[Work task] Would you please print exactly the lines that run from the one with "Mini S Hooks" to the last line of the data, both included, without any pictures?

[Stored data]

##############################

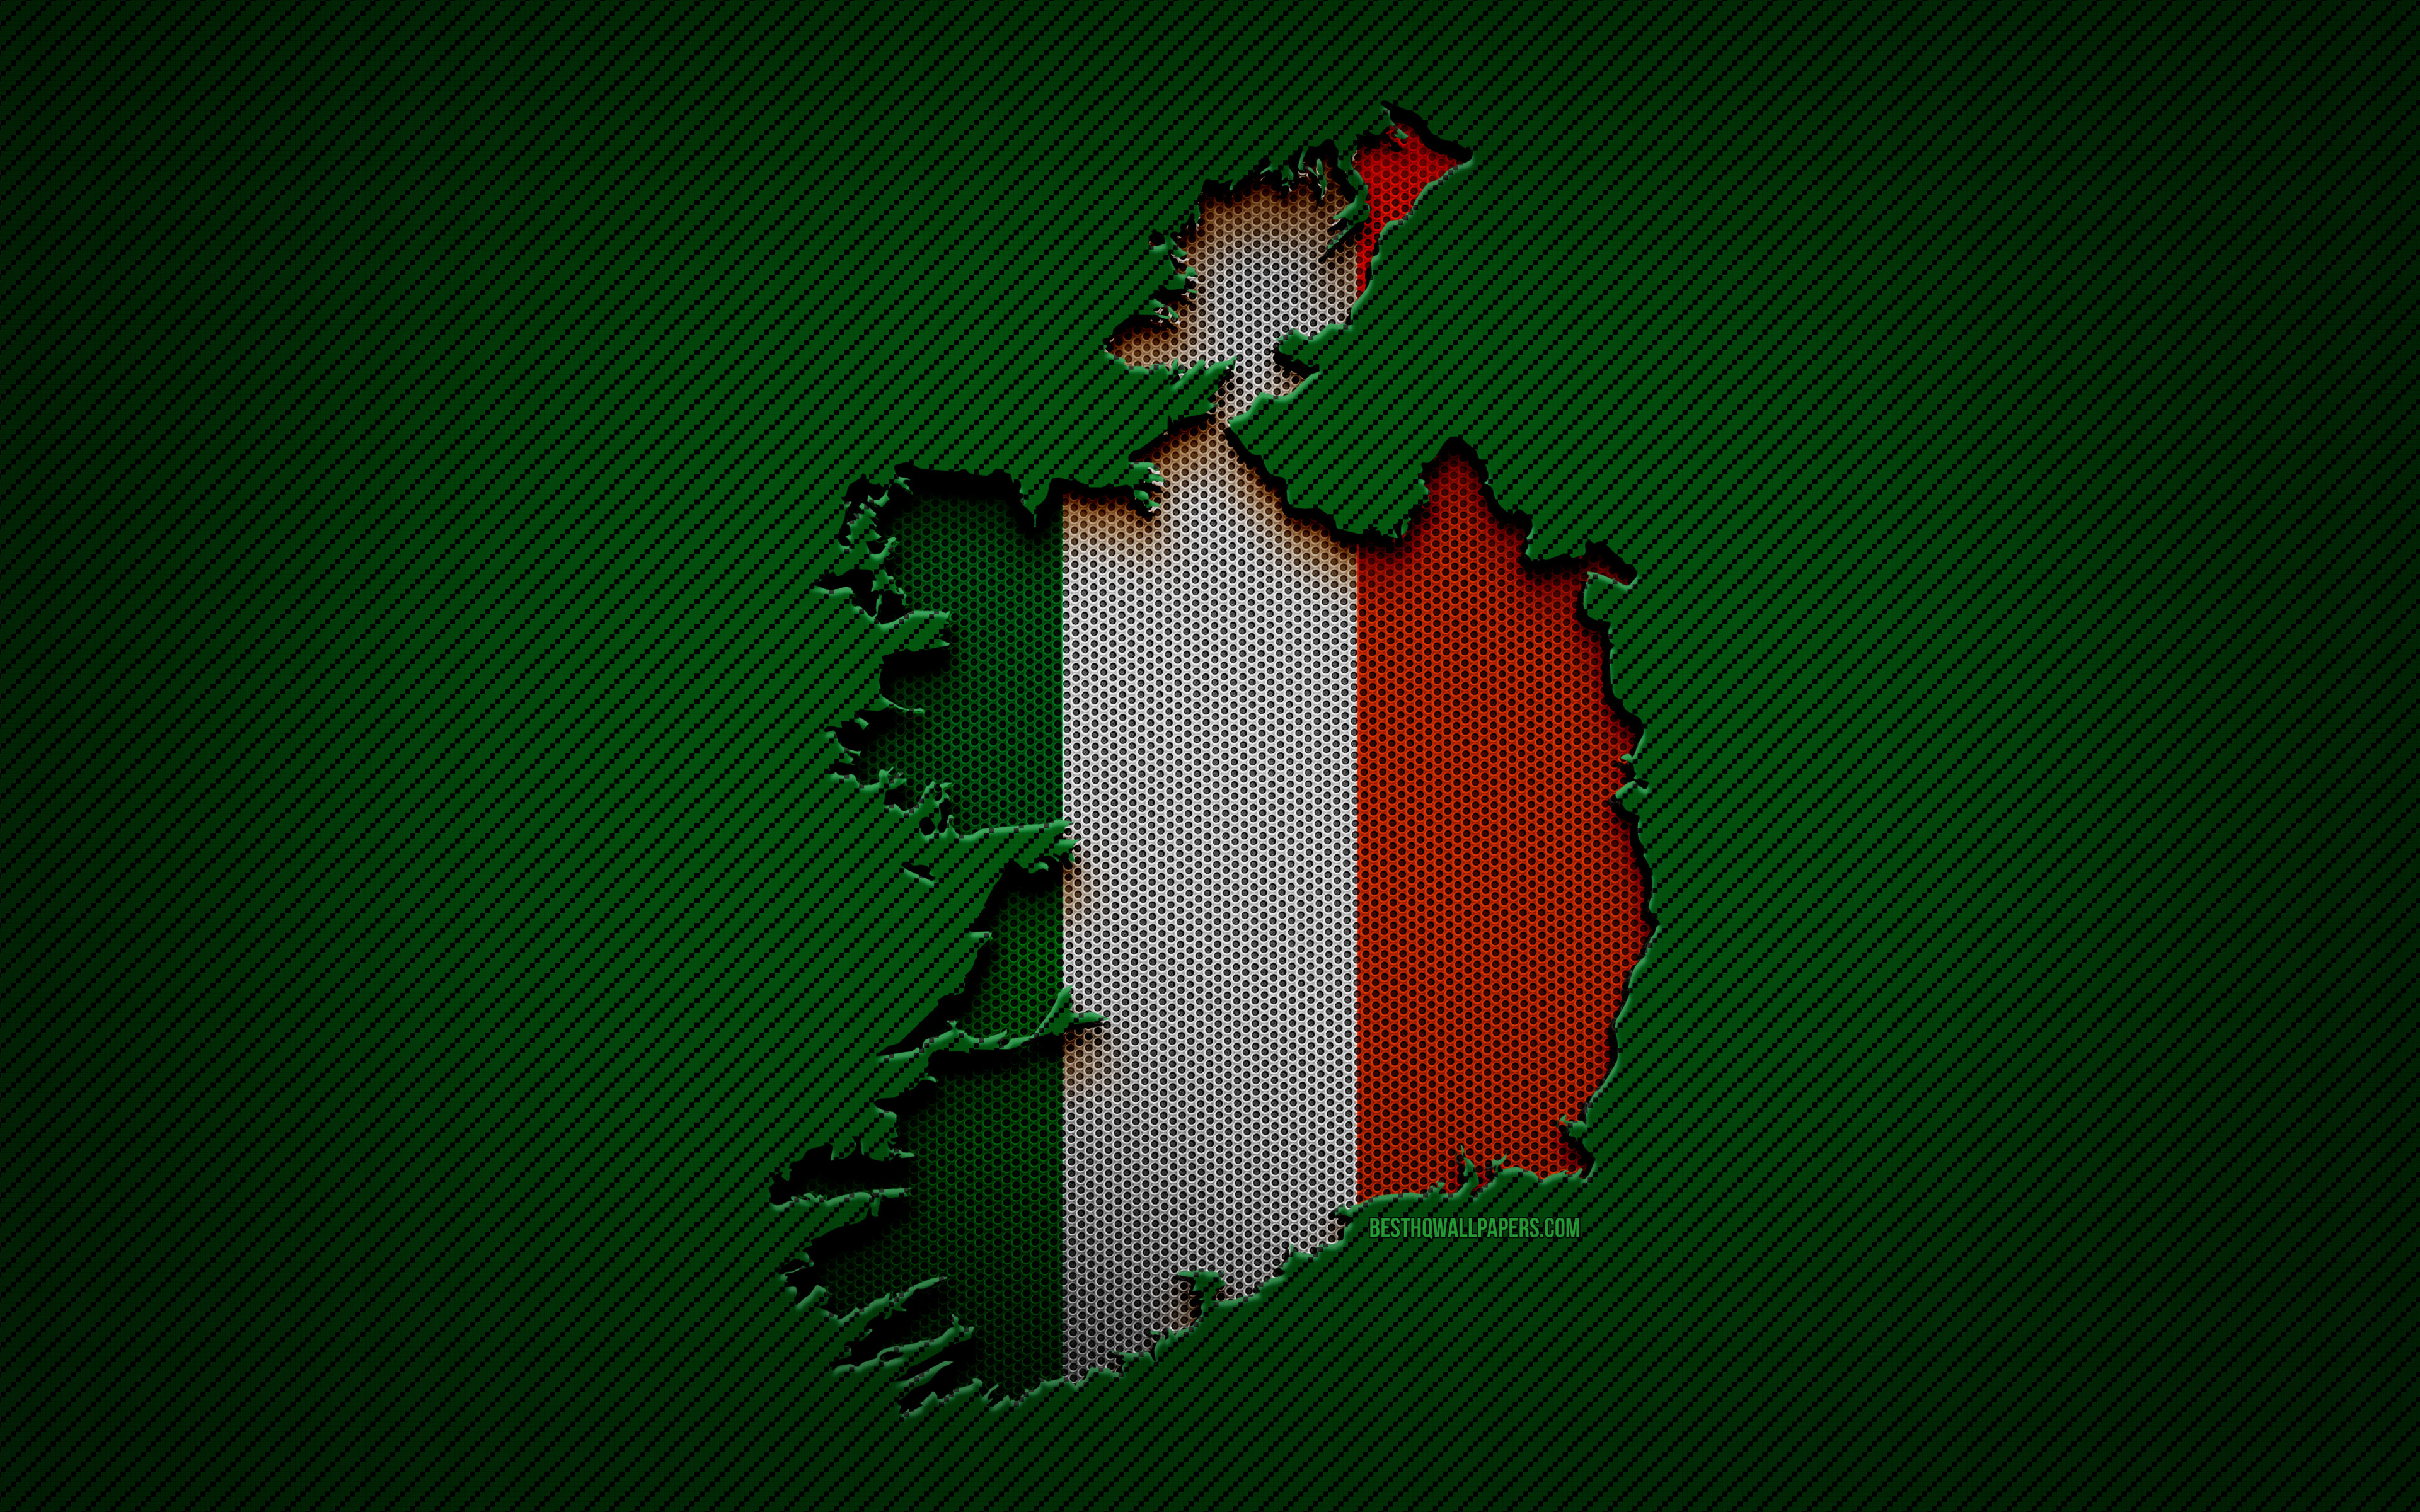 Download wallpaper Ireland map, 4k, European countries, Irish flag, green carbon background, Ireland map silhouette, Ireland flag, Europe, Irish map, Ireland, flag of Ireland for desktop with resolution 3840x2400. High Quality HD
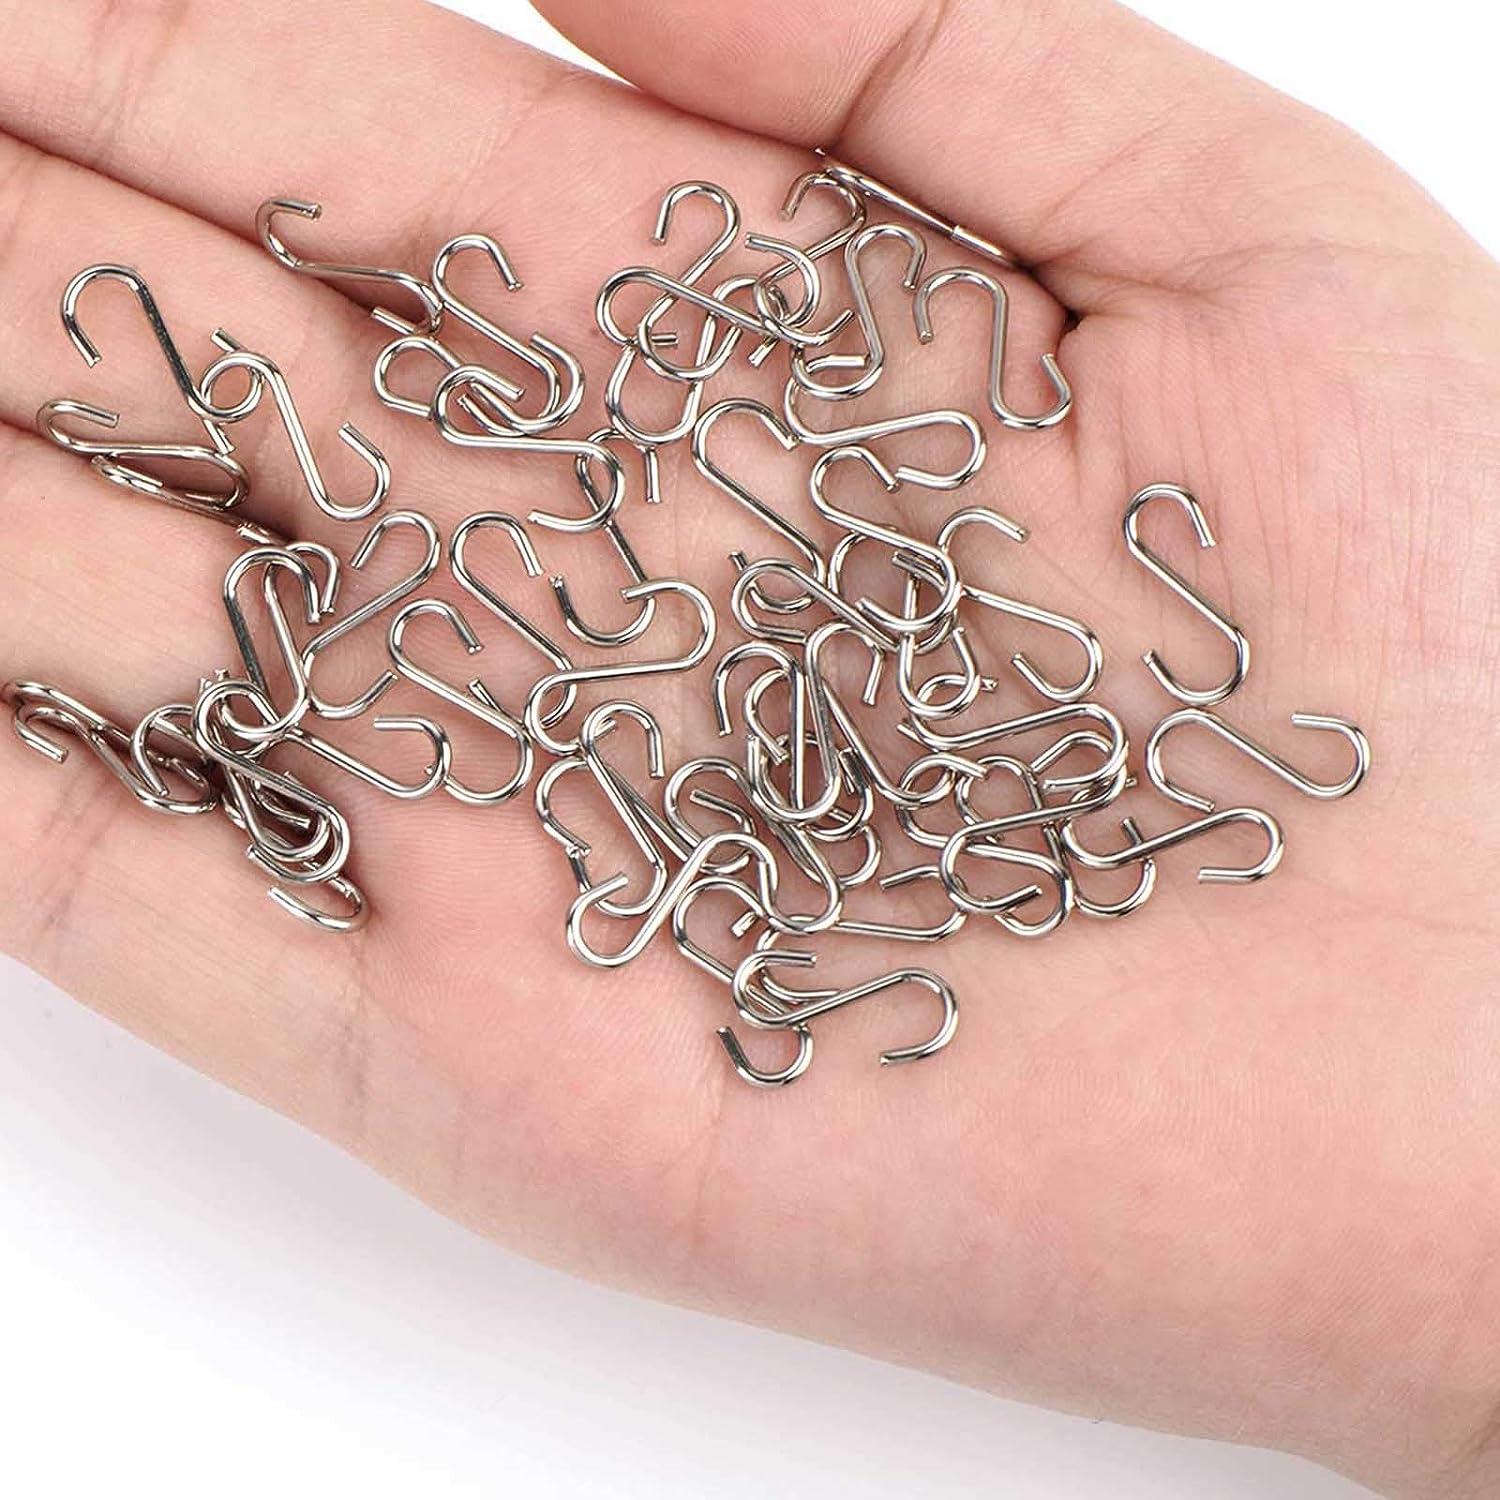 Mini S Hooks Connectors S Shaped Wire Hook Hangers 200pcs Hanging Hooks for  DIY Crafts, Hanging Jewelry, Key Chain, Tags, Fishing Lure, Net Equipment  (0.59 Inch) 
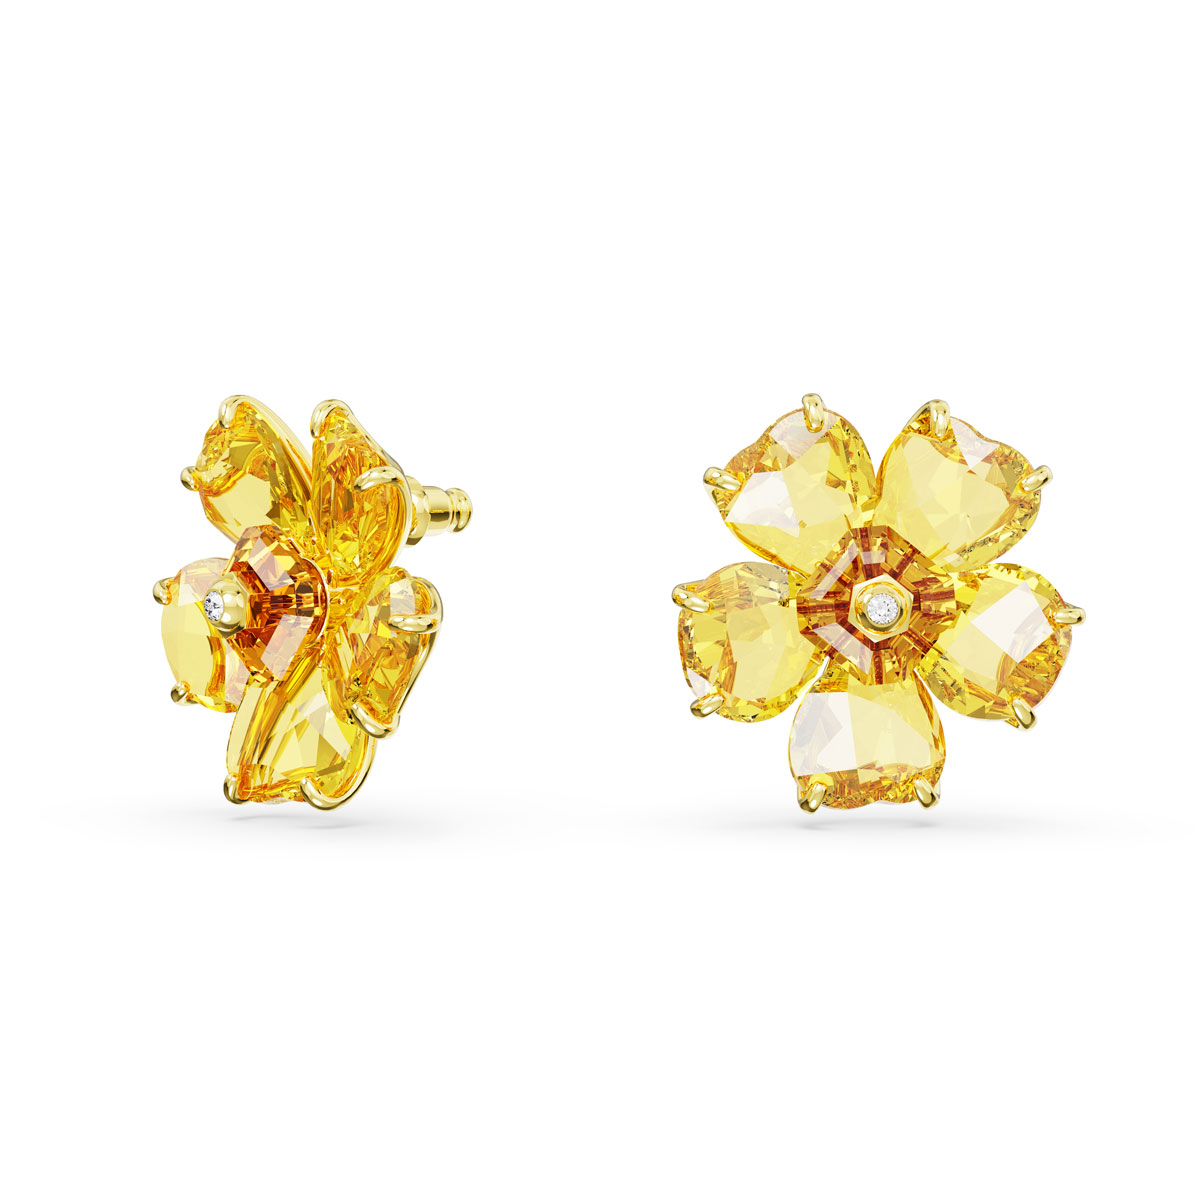 Swarovski Jewelry Florere Flower Yellow and Gold Pierced Earrings Pair

##############################

[Your response]
 Mini S Hooks Connectors S Shaped Wire Hook Hangers 200pcs Hanging Hooks for  DIY Crafts, Hanging Jewelry, Key Chain, Tags, Fishing Lure, Net Equipment  (0.59 Inch) 
 Swarovski Jewelry Florere Flower Yellow and Gold Pierced Earrings Pair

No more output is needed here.